Submit WDL jobs to a Cromwell server for execution. Workflows should be from Dockstore. For Dockstore workflows, collection and name would be used as config namespace and name respectively. If local files are detected, automatically upload files to the workspace Google Cloud bucket. After a successful submission, a URL pointing to the job status would be printed out.

Type:

alto cromwell run -h

to see the usage information:

Usage:
    alto cromwell run [-h] -s SERVER [-p PORT] -m METHOD_STR -i INPUT [-o <updated_json>] [-b [s3|gs]://<bucket-name>/<bucket-folder>] [--no-cache] [--no-ssl-verify] [--time-out TIME_OUT]

Options:
-s SERVER, --server SERVER
Server hostname or IP address.

-p PORT, --port PORT
Port number for Cromwell service. The default port is 8000.

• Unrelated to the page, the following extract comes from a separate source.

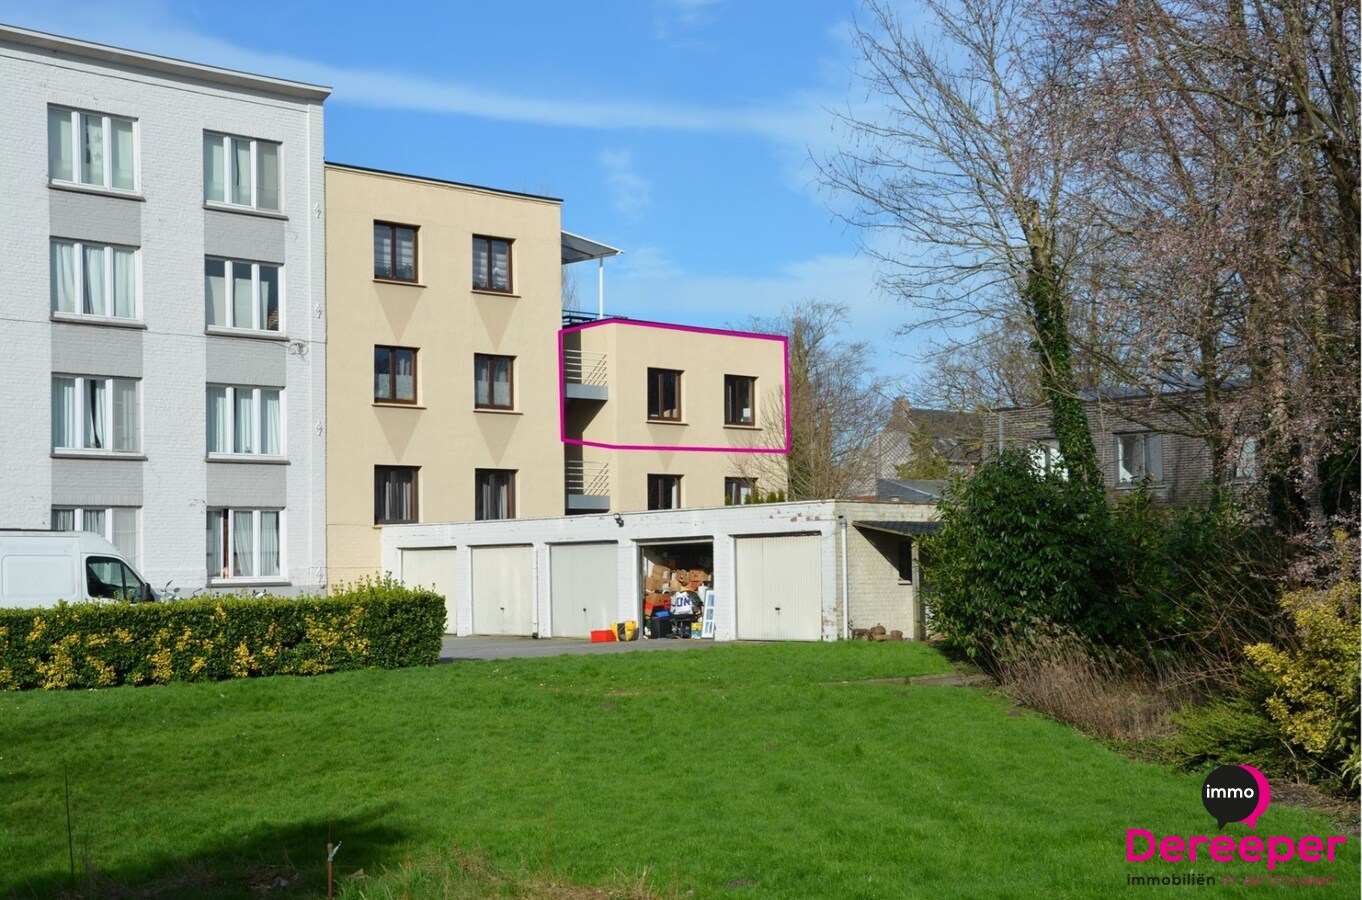 Te huur - Appartement - Gistel

-m METHOD_STR, --method METHOD_STR
Any of the three forms of workflow WDL file below is accepted:

Workflow name from Dockstore, with name specified as “<organization>:<collection>:<name>:<version>” (e.g. broadinstitute:cumulus:cumulus:1.5.0). If <version> part is not specified, the default version defined on Dockstore would be used.

An HTTP or HTTPS URL of a WDL file.

A local path to a WDL file.
-d DEPENDENCY_STR, --dependency DEPENDENCY_STR
ZIP file containing workflow source files that are used to resolve local imports. This zip bundle will be unpacked in a sandbox accessible to the workflow.

-i INPUT, --input INPUT
Path to a local JSON file specifying workflow inputs.

-o <updated_json>, --upload <updated_json>
Upload files/directories to the workspace cloud bucket and output updated input JSON (with local path replaced by cloud bucket urls) to <updated_json>.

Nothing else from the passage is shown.